例えば、コンストラクションマネジメントやプロパティマネジメント、デベロッパーなど不動産に関わる多くの仕事で知識や経験を生かせます。
また、経験を積んだ後に、独立して自分で設計事務所を立ち上げることも可能です。
キャリアプランが豊富で、さまざまな選択肢があるため、自分の本当にやりたい仕事が見つかる可能性も高いでしょう。
まとめ
最後に建築士がつらい理由と、きついときの解決方法について、ポイントをおさらいしておきましょう。
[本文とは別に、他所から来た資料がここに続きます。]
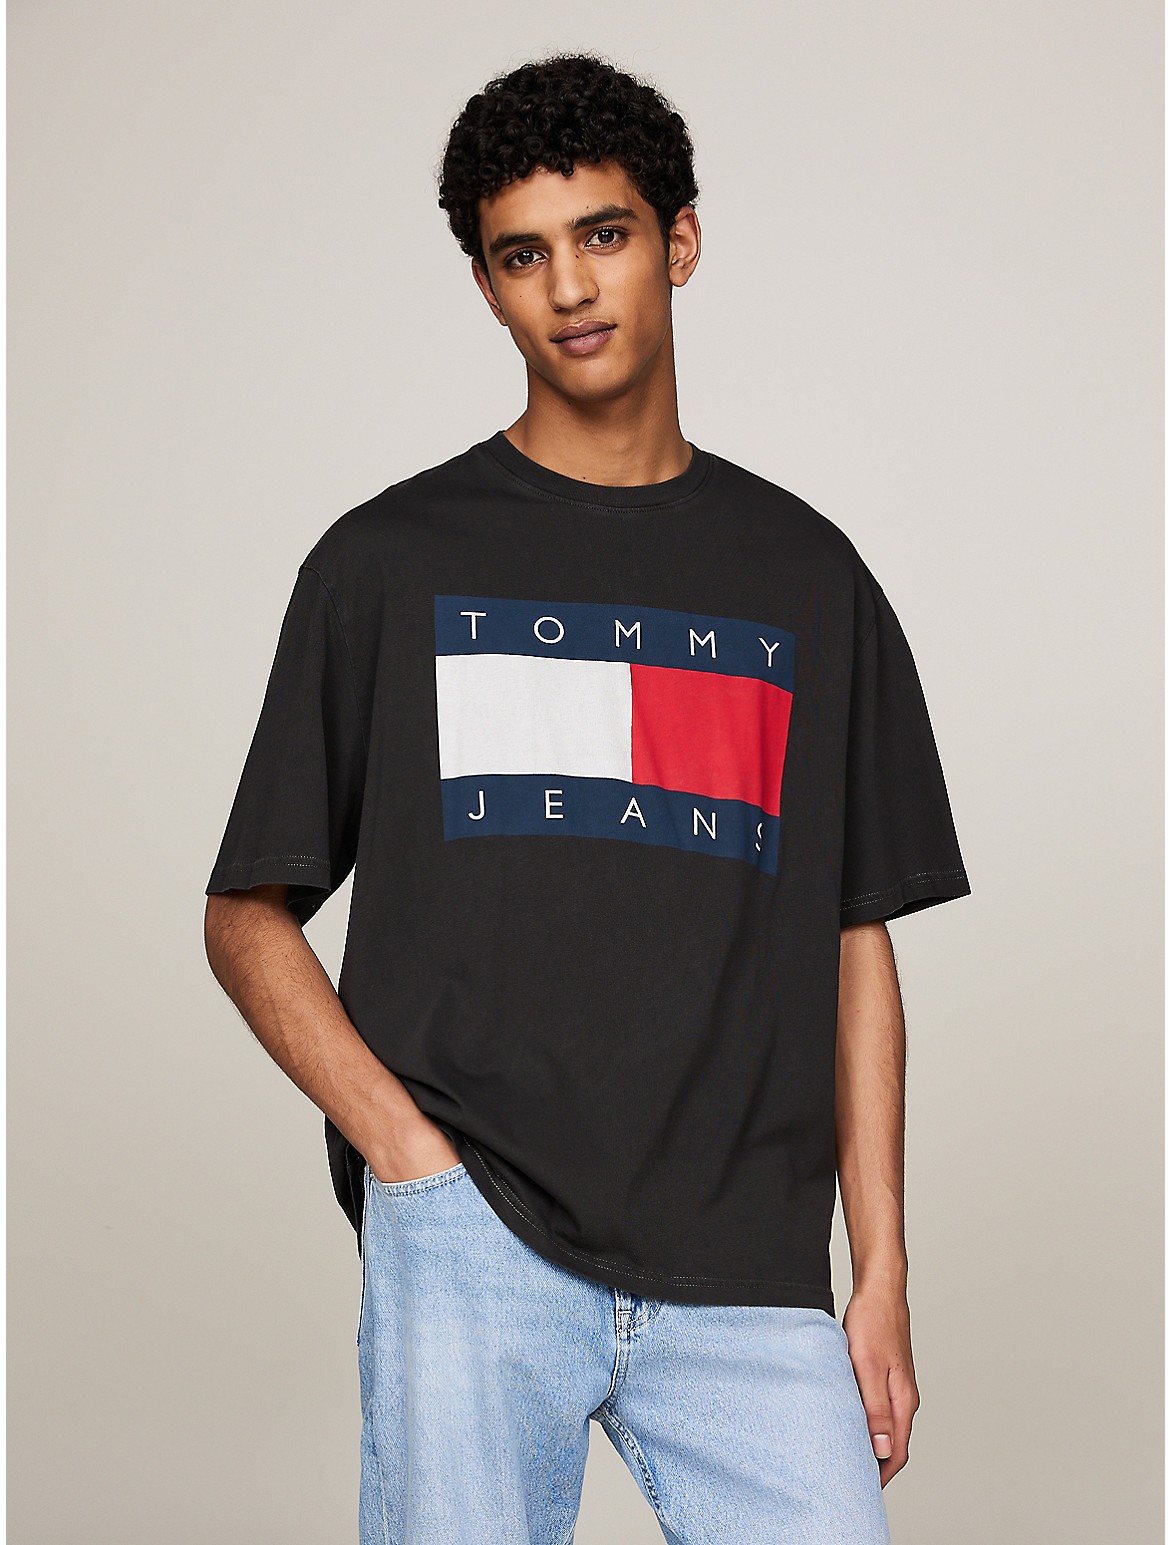 Tommy Hilfiger Men's Oversized Fit TJ Flag Graphic T-Shirt

- 資格の取得が難しく、就職後も日々勉強しなければならない。
- 激務の職場もあり残業や休日出勤が増えるケースもある。
- クライアントとの折衝など神経を使う場面も多い。
- 仕事は大変だが、資格や経験を積めばホワイト企業へ転職することも可能。
- 異業種への転職や独立開業などキャリアプランの選択肢は豊富にある。
建築士として働いていれば、つらい経験をすることもあるでしょう。
資格を取得するためにも大きな努力が必要です。
しかし、資格を取得して実務経験を積んだ建築士は、社会的な信頼が高く、転職市場でも常に需要があります。
大手企業への転職のほか、異業種や独立開業も目指せるでしょう。
なお、建築士の試験は忙しい方でもスキマ時間を活用すれば十分合格を目指せる資格です。